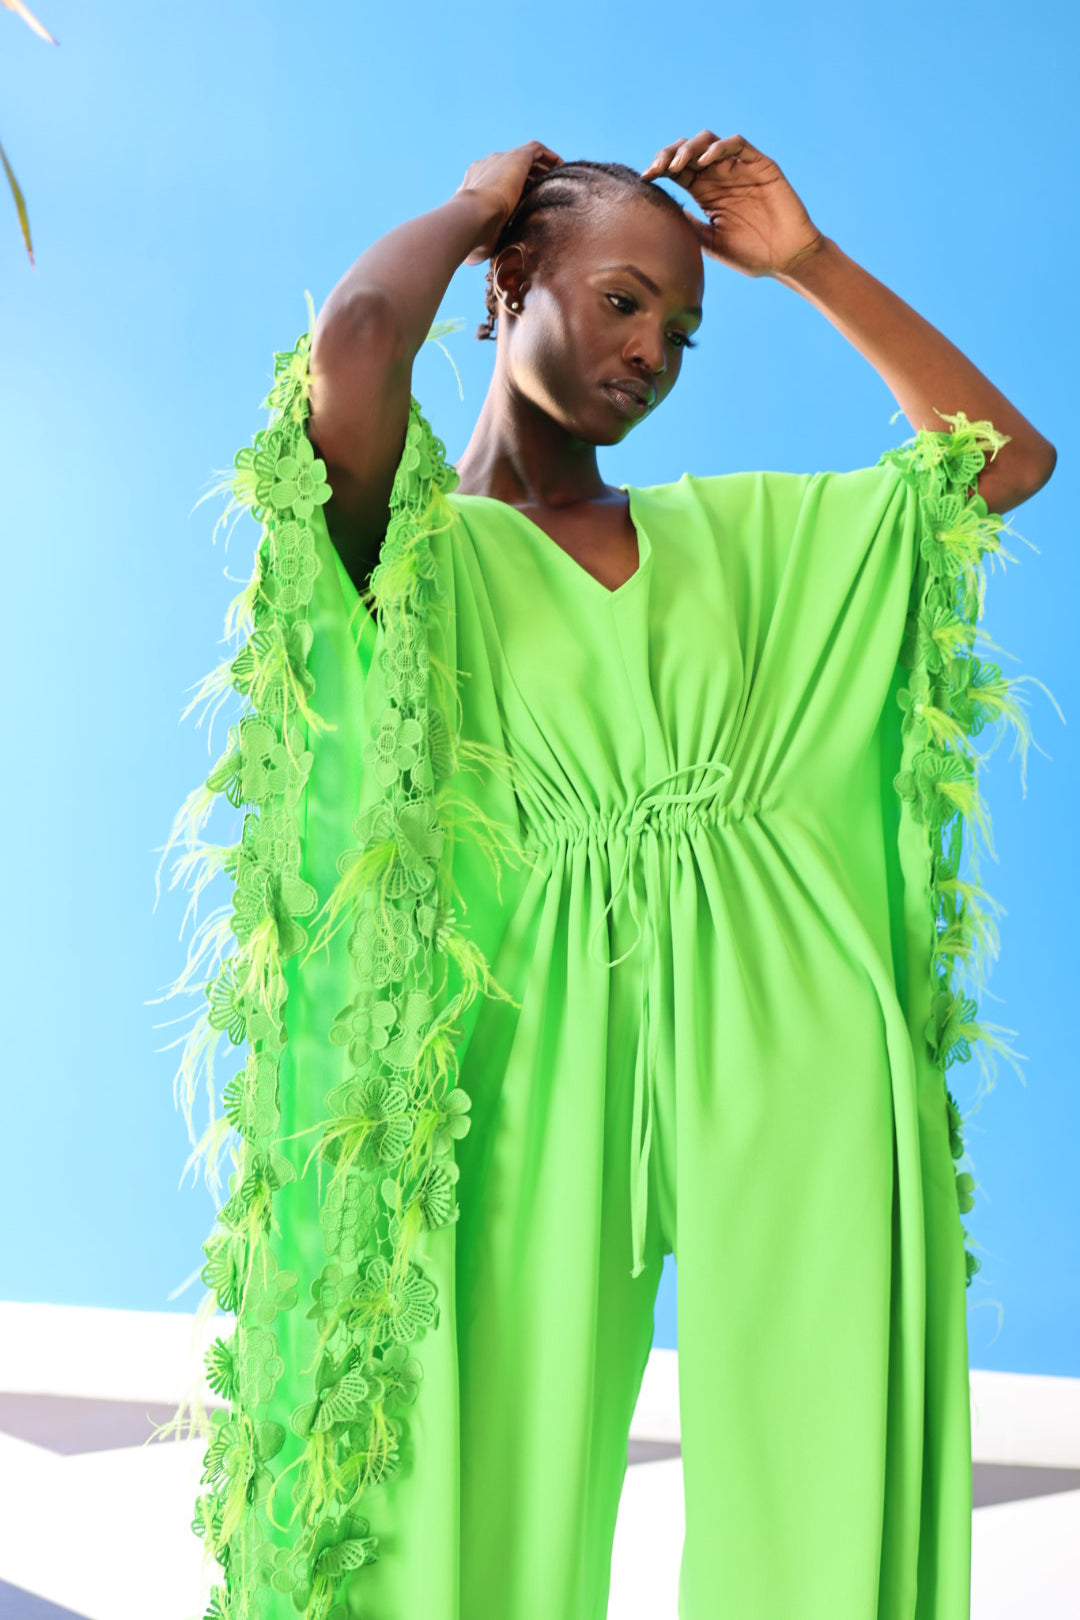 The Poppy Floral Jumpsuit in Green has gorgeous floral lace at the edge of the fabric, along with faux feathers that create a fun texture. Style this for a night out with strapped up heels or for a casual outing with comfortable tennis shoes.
...
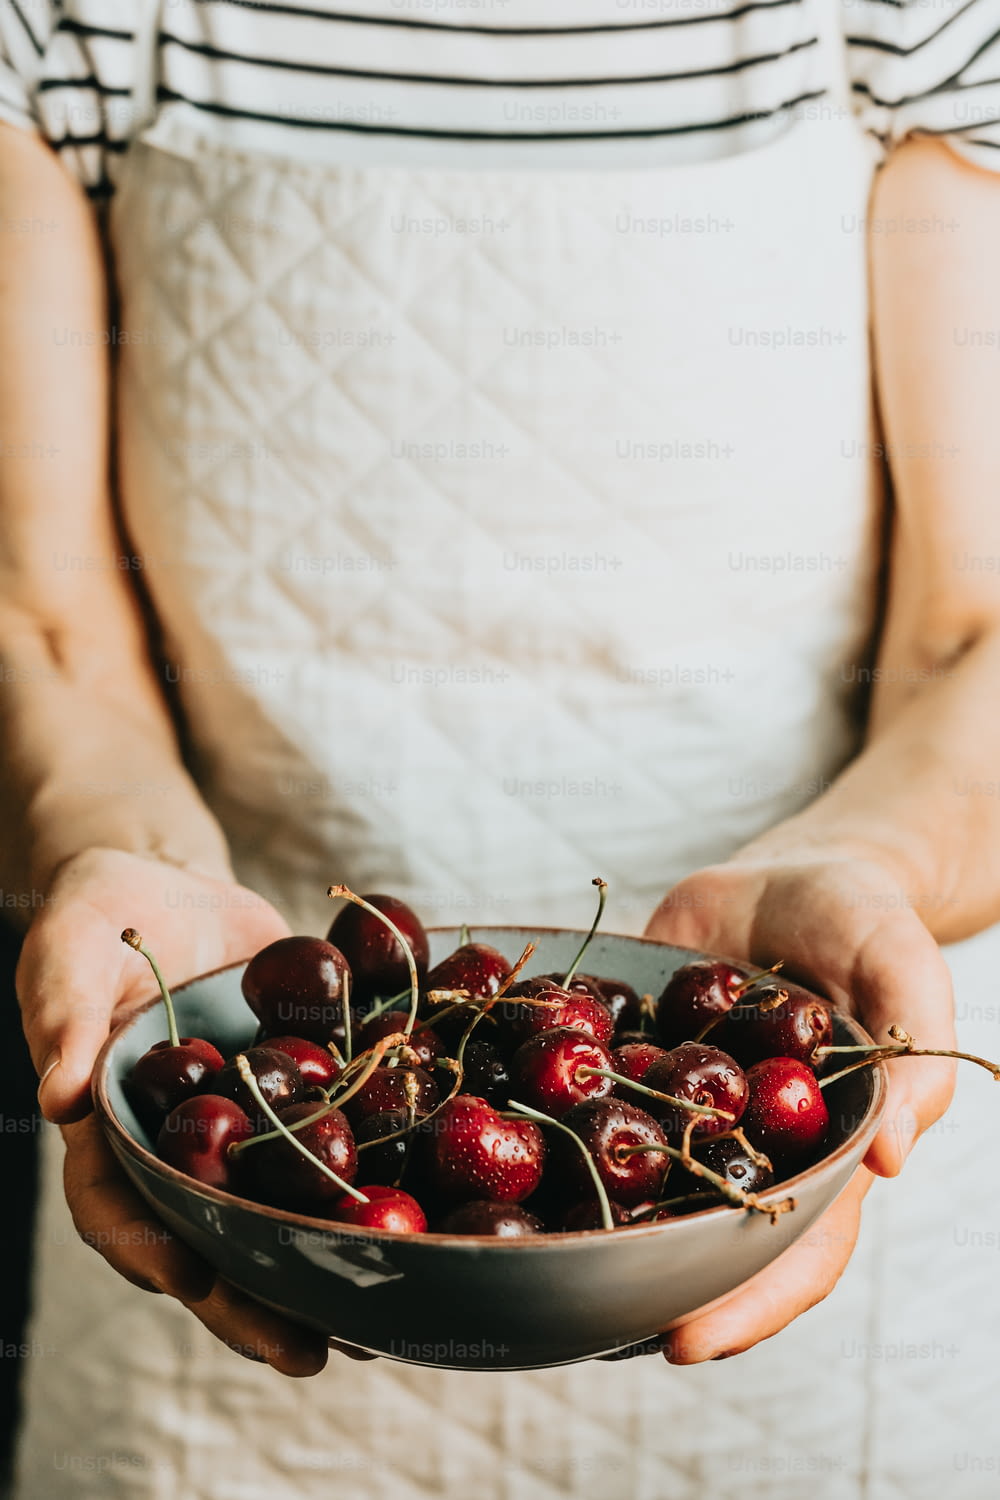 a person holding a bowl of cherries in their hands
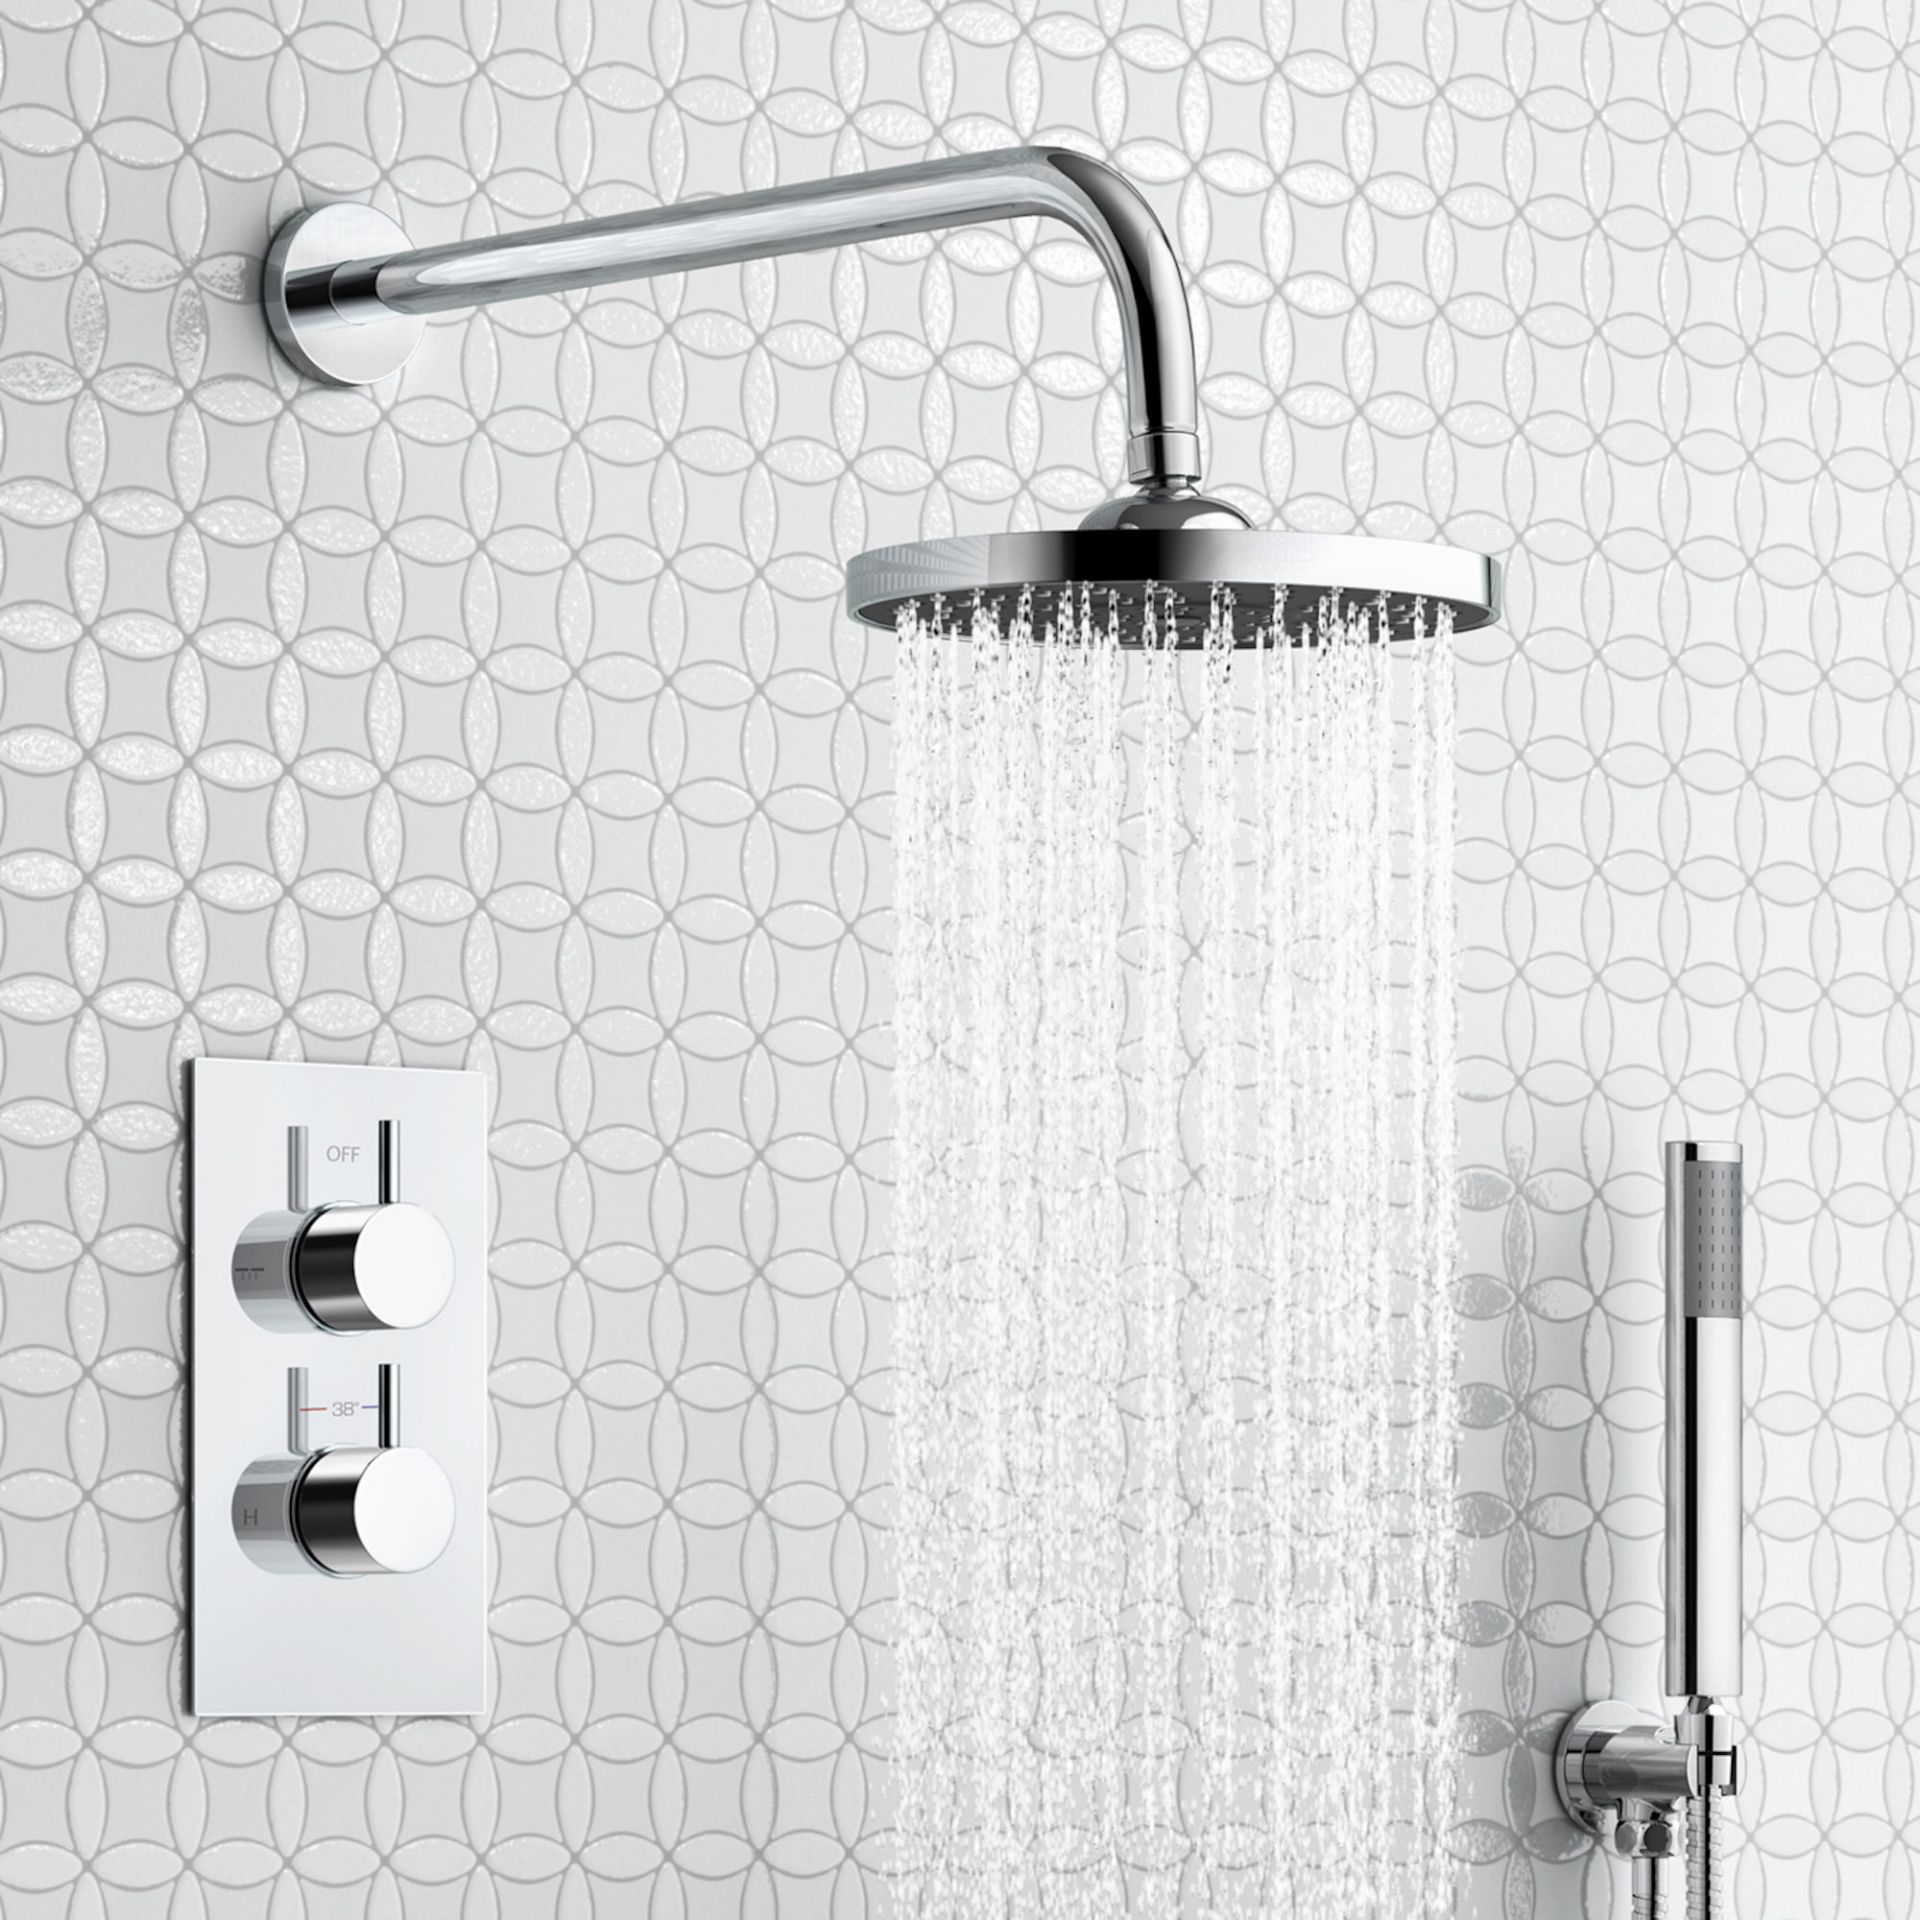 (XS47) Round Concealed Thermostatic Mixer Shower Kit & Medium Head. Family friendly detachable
---
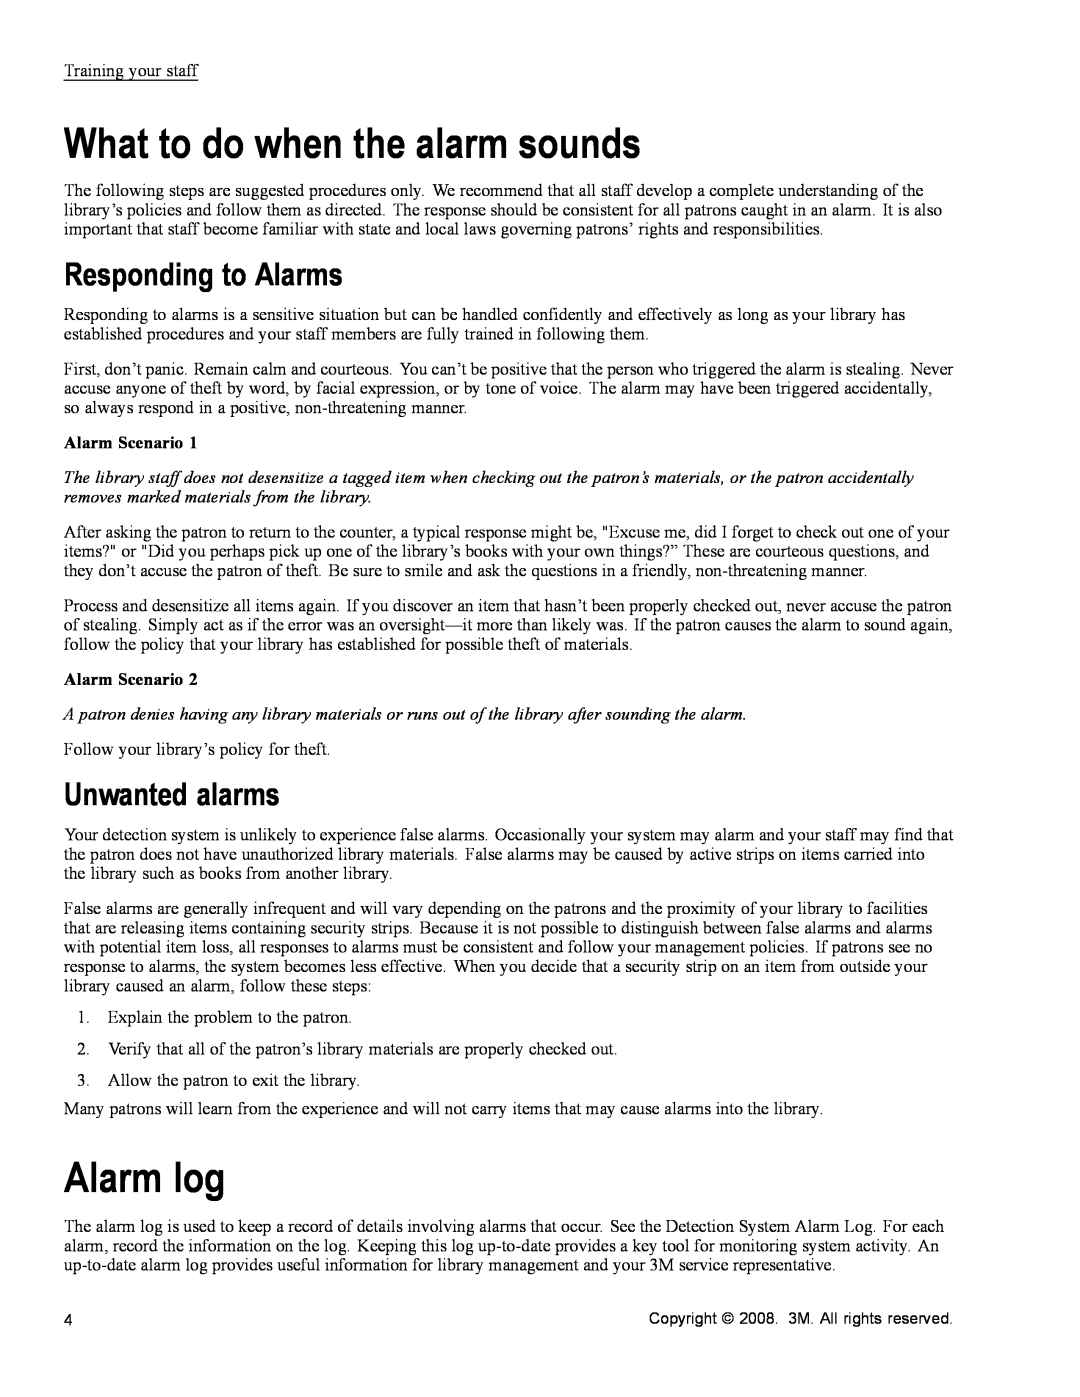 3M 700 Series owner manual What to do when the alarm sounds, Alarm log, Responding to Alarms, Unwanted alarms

## Task requirements
In the listing above, find the line with "a person holding" and the line with "(XS47) Round Concealed". Transcribe those two and everything between, exactly, leaving out pictures.

## Reply
 a person holding a bowl of cherries in their hands
 (XS47) Round Concealed Thermostatic Mixer Shower Kit & Medium Head. Family friendly detachable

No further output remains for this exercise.